Семён с явным облегчением выскочил вон, и в тот же миг за дверями что-то упало с грохотом, швабра, должно быть, а скорее всего кочерга.
Этот нечаянный гром, разразившийся как в пустоте, отозвался во взмыленных нервах какой-то возмущённой гадливостью. В его душе всё капризно застонало. Он торопливо ходил, двигал кресла, которые сразу все как одно столпились у него на ходу, и вдруг застывал, обмирая, без мыслей и чувств, мёртвыми глазами уставясь перед собой.

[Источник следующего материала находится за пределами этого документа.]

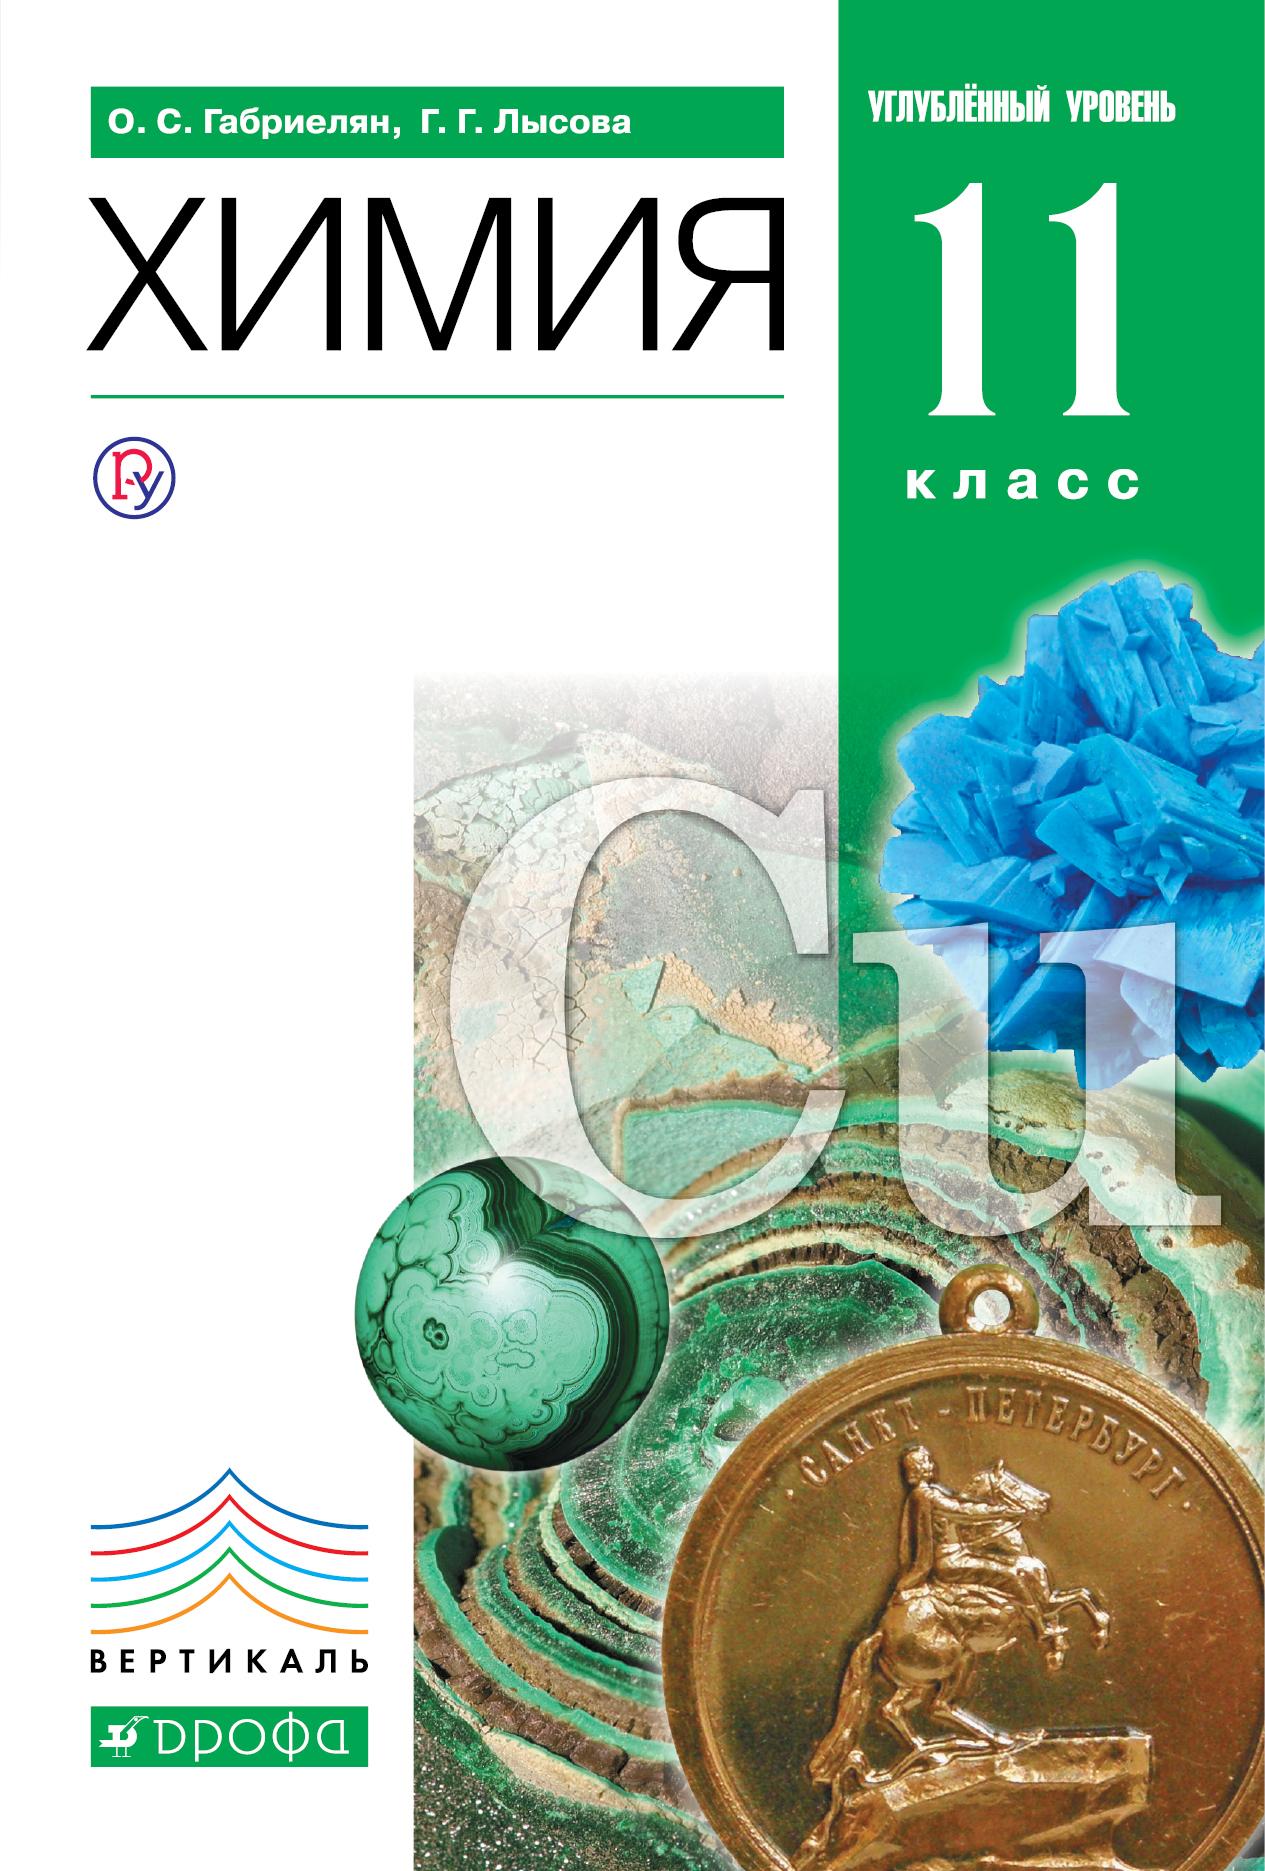 Габриелян О.С. Химия. 11 класс. Учебник. Углубленный уровень о с габриелян химия 8 класс

Он мешал сам себе, ему мешала темневшая туша дивана, ему мешала зыбкая стенка унизительных ширм, ему мешала круглая масса стола и эта чёрная вишня на нём, рубином сверкавшая в тусклом мерцающем свете свечи, когда он прошмыгивал мимо неё. Он скинул домашний сюртук, показавшийся удивительно тяжёлым и грубым, раздёрнул жилет, чуть не выдрав с мясом неуклюжие пуговицы, застревавшие в петлях, скомкал его и чёрной птицей пустил в неподвижно застывшее кресло. Он стянул домашние сапоги и, кипя непонятным азартом и злым недовольством собой, принялся натягивать выходные. Выходные сапоги его были ношены сильно и долго, так что уже сточились каблуки, в заднике поотстала подкладка, призагнулась немного и на ходьбе неприятно давила и тёрла капризную ногу, любившую новый аккуратный просторный сапог. И сюда уже всунулся чёрт! И он старый сапог затолкнул между стеной и диваном, и стал бешено рыться в дорожном своём чемодане, и выхватил и бросил на крышку потёртые брюки совершенно песочного цвета и шёлковый жилет, которые дотянулись до этого времени от прежних костюмов, давно изношенных и где-то брошенных во время скитаний. Когда на него налетало особенно весёлое время, он наряжался в эти песочные брюки и в этот шёлковый пёстрый жилет, несмотря на броскую, неприличную несхожесть тонов, то изумляя, то огорчая своим странным вкусом приличное общество и дорого разодетых людей.